I remember, during one of my last classes at UCL, the topic of conversation turned from the cultural implications of Algerian independence to the subject of life after university. Our lecturer, a grumpy ‘progressive Hoxhaist’, told us that things had never been worse, and out of the 20 or so students in the room, only one or two would have found any kind of full-time employment by the time the year was out. ‘But it’s not fair!’ cried one girl, ‘we’ve all worked so hard over the last four years, we’re all clever [speak for yourself, I thought], we all have debts and we’re just going to be ignored!’

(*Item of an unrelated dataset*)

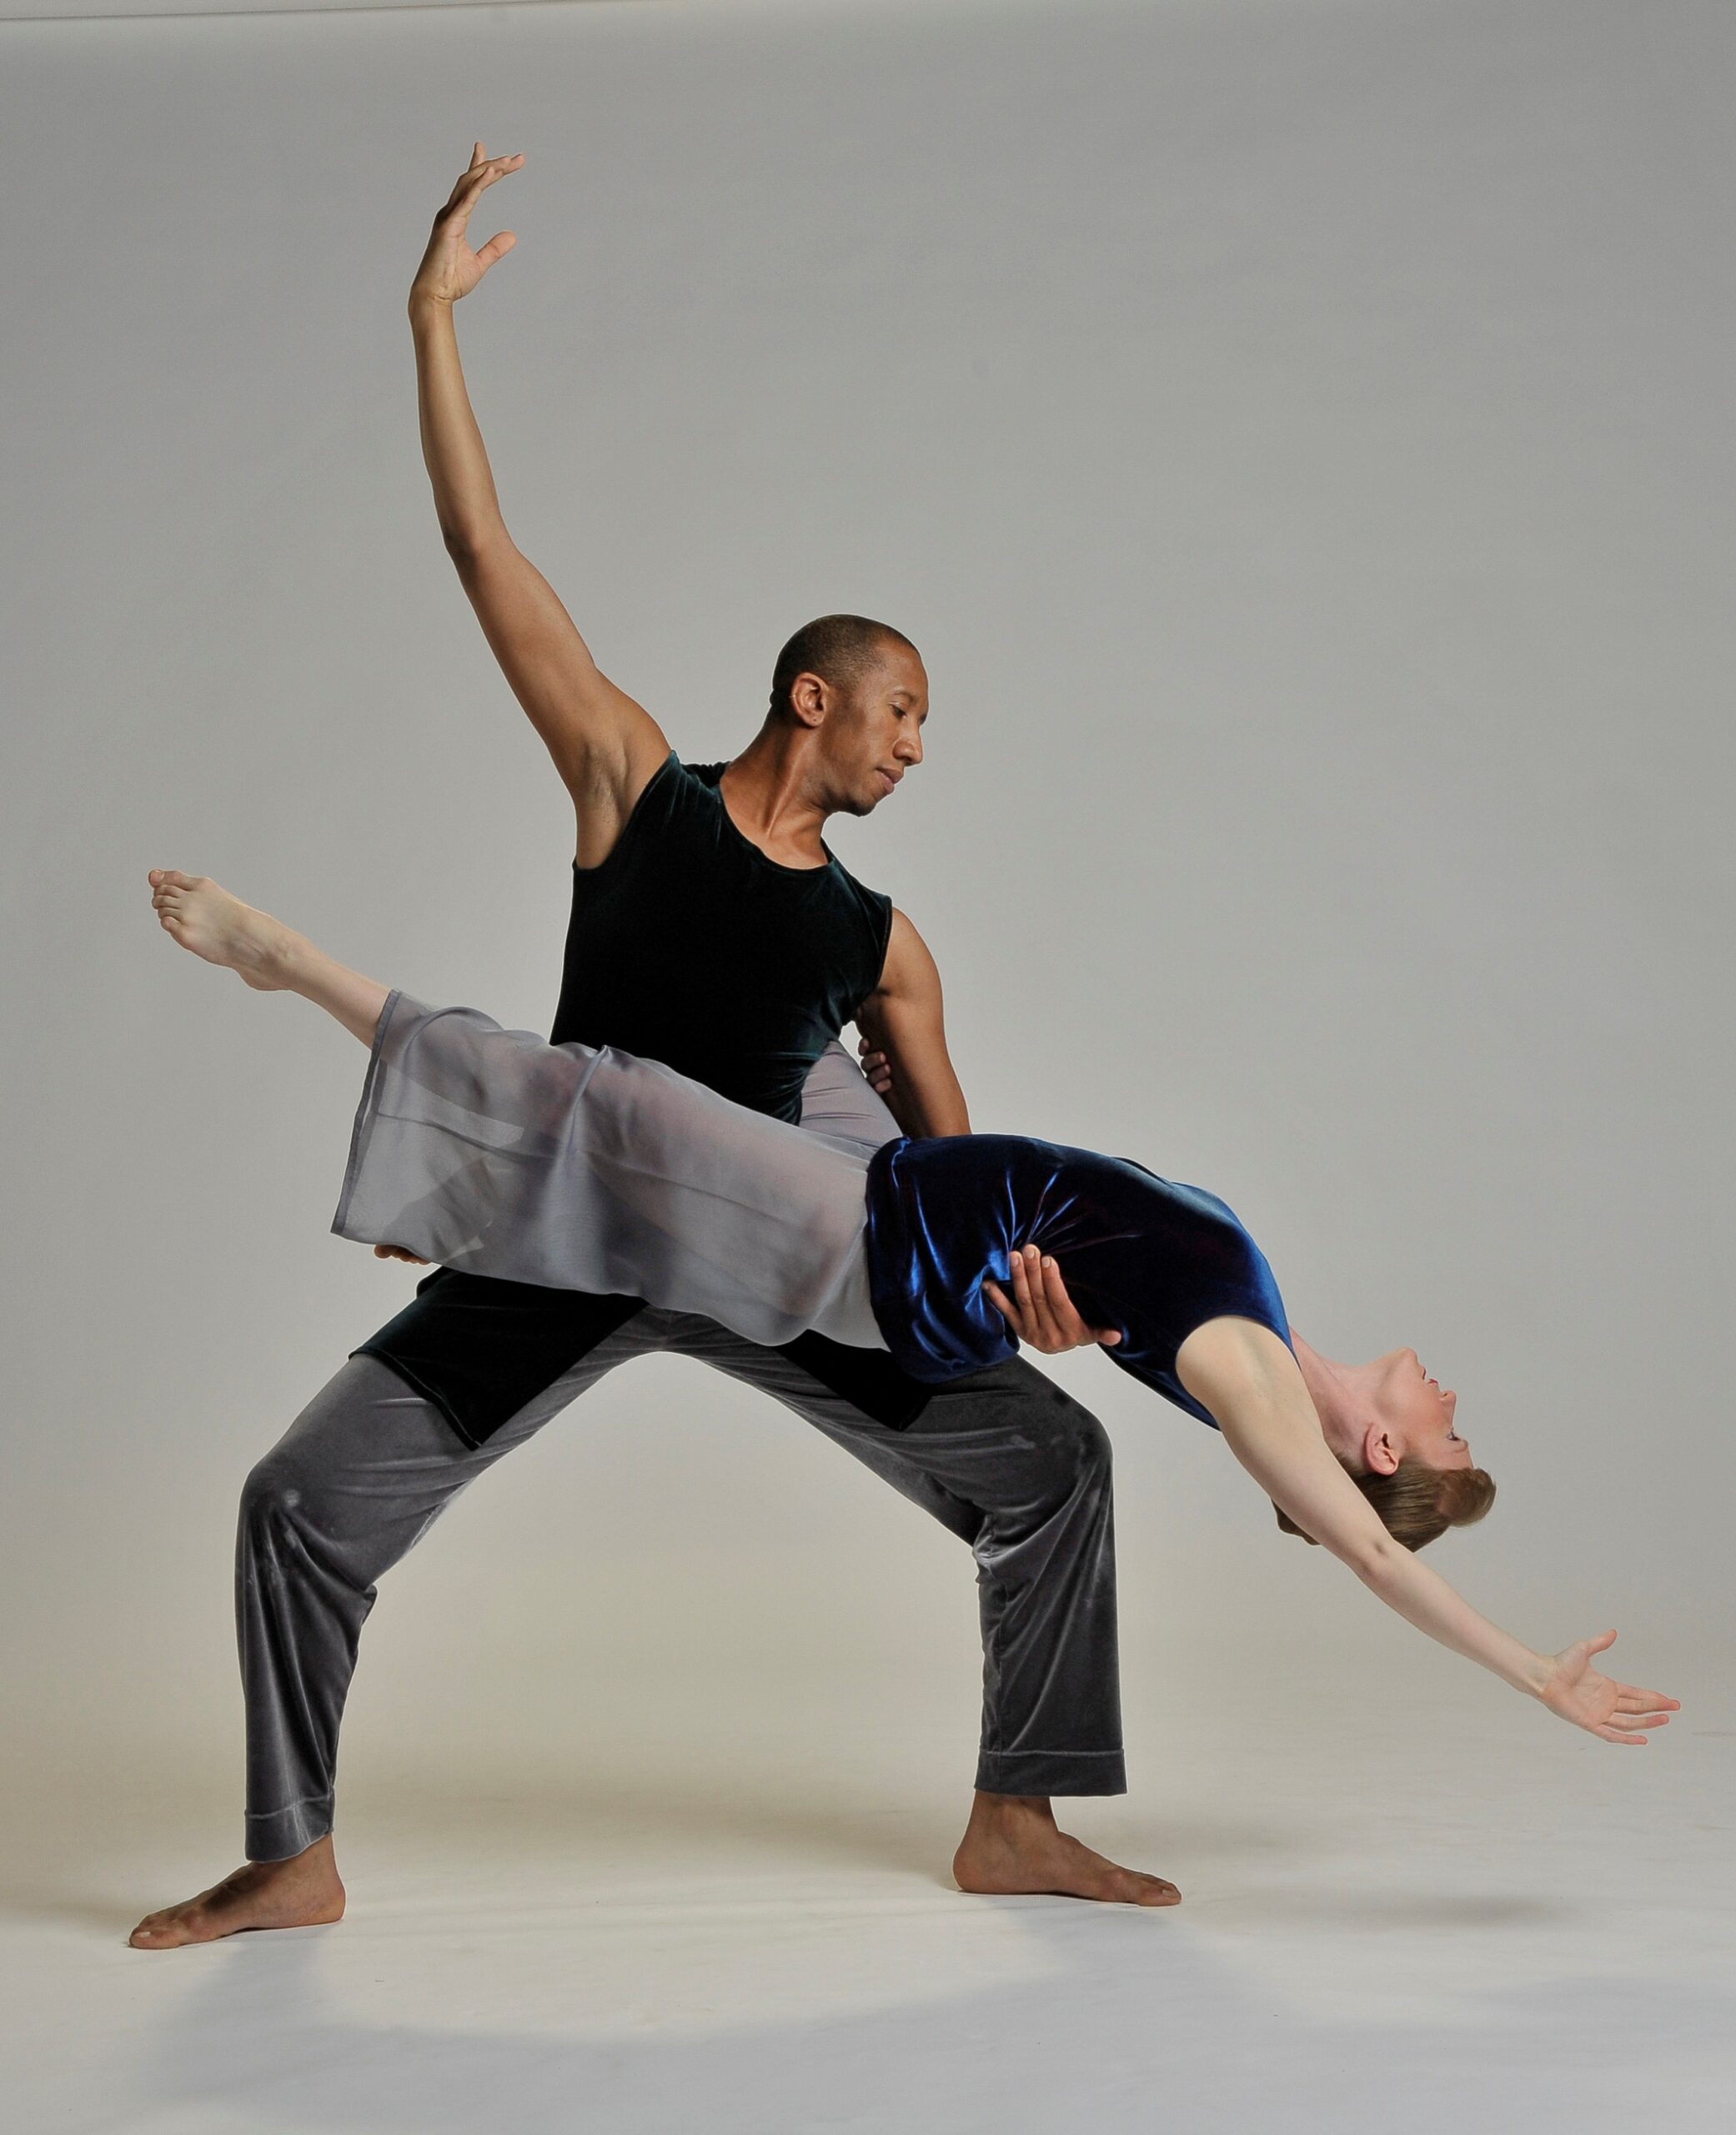 Duet Yoga Poses ll Duet Yoga Performance by Danish and Anumeet ll Partner  Yoga - YouTube

‘Who are you going to blame, then?’ responded the lecturer. The question was a pertinent one: who were we to blame? The government and the banks? No, too simplistic, particularly for a class of ‘clever’ soon-to-be graduates. Our parents? Again, not an option, given that most of us would be living off their generosity for the foreseeable future. Ourselves? Well, maybe, as our lecturer went on to tell us, we were just a bunch of pampered bourgeois keener on whingeing than getting stuck in.
He had a point. Two years later and I am still a contributor to the youth unemployment statistics. In fact my generation of over-educated, underemployed twentysomethings has come almost to pride itself on its plight. Just as we remember the 1920s for its ‘Bright Young Things’, the 1960s for its Hippies and the 1980s for its Yuppies, we’ve decided that we are Yuffies: young urban failures. Future generations, we think to ourselves pompously, will look back and pity us.
So what entitles Yuffies to think of ourselves as particularly hard done by? We’re not the first generation to find ourselves out of work.